To address the limitations of existing segmentation methods, we propose a novel architecture called the Multi-Scale Wavelet Attention Feature Fusion Network (MSWAFFNet). Prior to feeding data into the network, we apply a comprehensive preprocessing pipeline designed to mitigate data diversity issues and normalize color distribution across different image modalities. In contrast to traditional skip connection strategies and conventional feature aggregation units, our approach performs separate fusion of wavelet-based features and boundary-aware features at multiple scales. This design enhances the model’s ability to capture fine-grained structural information. To validate the effectiveness and generalizability of our method, we conducted extensive experiments on three publicly available datasets.

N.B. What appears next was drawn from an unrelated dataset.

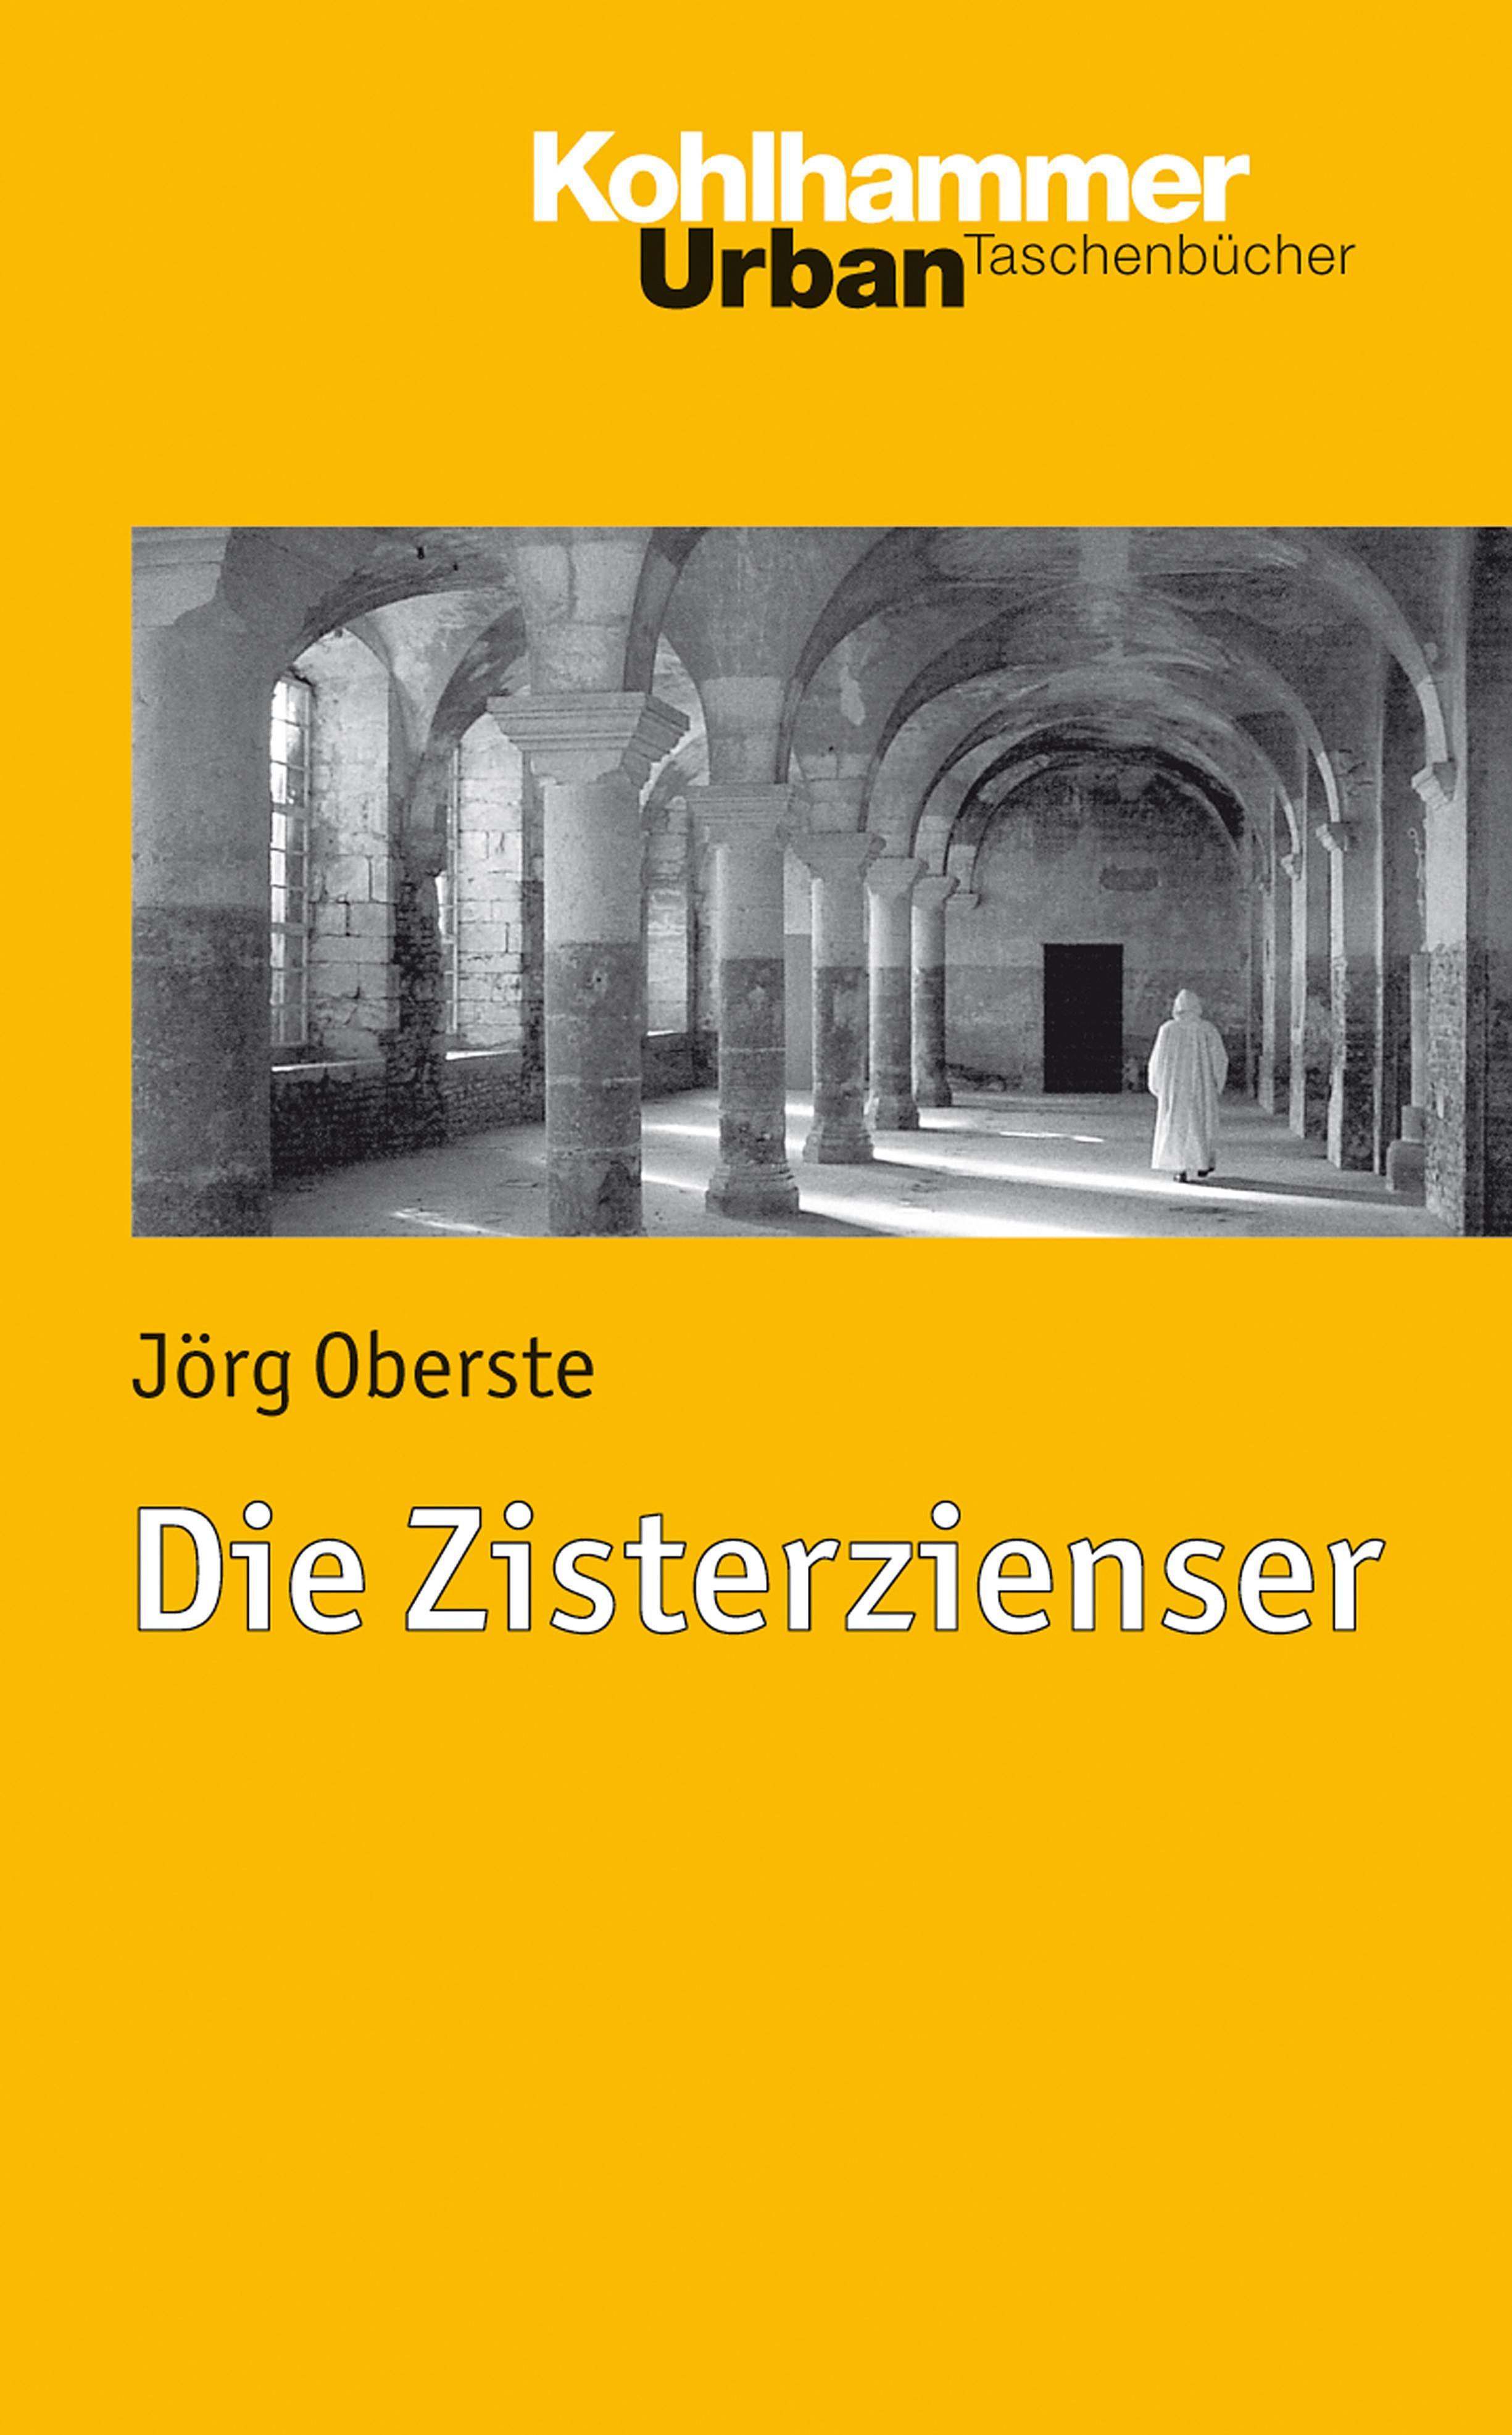 Die Zisterzienser Jörg Oberste

These datasets encompass a large number of histopathological images from various organs and disease types, thereby ensuring a robust assessment of cross-dataset generalization performance.
2 Materials and methods
In this section, the proposed method is described in detail, including the preprocessing steps, the overall network architecture, the boundary wavelet attention module, and the feature fusion module. The model proposed in this paper uses U-Net as the backbone network and incorporates a boundary wavelet-aware attention module and a multi-scale attention fusion module to extract and integrate boundary information into the U-Net through an attention mechanism. The overall structure is shown in Figure 1.

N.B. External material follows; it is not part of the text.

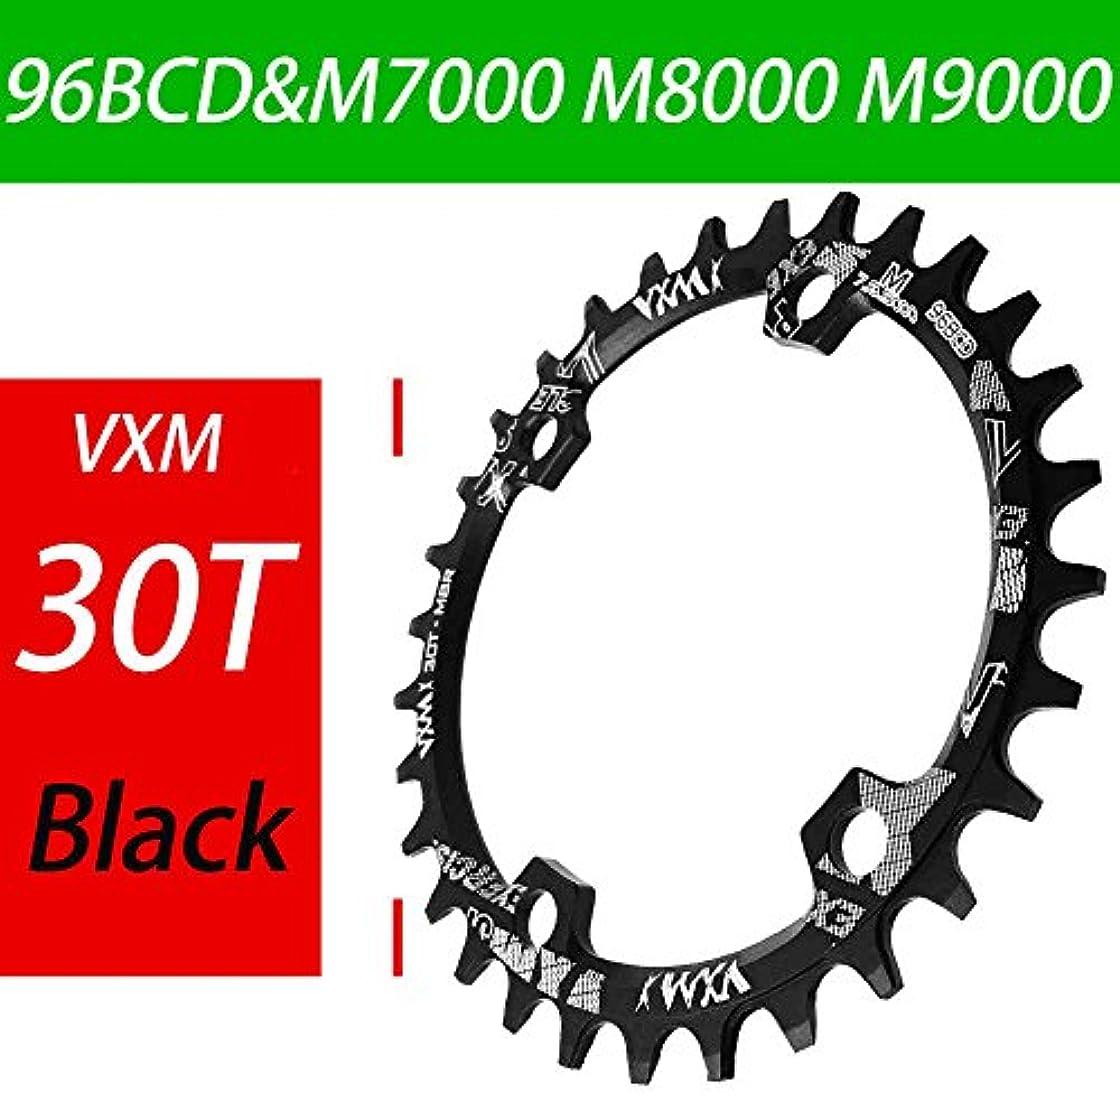 敬意を表してコインランドリー膨らませるPropenary - Bicycle 96BCD Crank 30T Chainwheel Aluminum Alloy Round Chain ring Chainwheel Road Bicycle Chain ring for M7000 M8000 M9000 [ Black ]

Figure 1. The structure of MSWAFFNet. The basic U-Net includes three downsampling layers and three upsampling layers. In each downsampling step, DWT is used to extract wavelet boundary information, which is then fused into boundary information through a fusion module. Subsequently, all different wavelet boundary information is upsampled and fused through an attention fusion mechanism. Finally, the ultimate output is obtained by combining all the outputs.
2.1 Preprocessing
Since we use several very different datasets, it is necessary to normalize them using appropriate methods. Effective preprocessing can significantly improve the prediction results. Due to the differences between the datasets, it is essential to process them to have similar characteristics for training.

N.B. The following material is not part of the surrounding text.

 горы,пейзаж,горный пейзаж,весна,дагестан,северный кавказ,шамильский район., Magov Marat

In the experiments, three main preprocessing steps were primarily used. First, basic image augmentation techniques were employed to increase the amount of training data for the supervised deep neural network (Maharana et al., 2022). The most common forms of augmentation include flipping, rotation, adding noise, and random cropping. By representing a broader range of potential data points, the augmented data narrows the gap between the training set, validation set, and any upcoming test sets, thereby enhancing the performance of the neural network.
The second preprocessing step is color intensity level transformation, which can make datasets from different sources more uniform, providing users with a comparable view of data from different studies or modalities (Nan et al., 2022). By transforming the intensity levels to a similar visual appearance, it reduces the side effects that might be introduced by different modalities in the model.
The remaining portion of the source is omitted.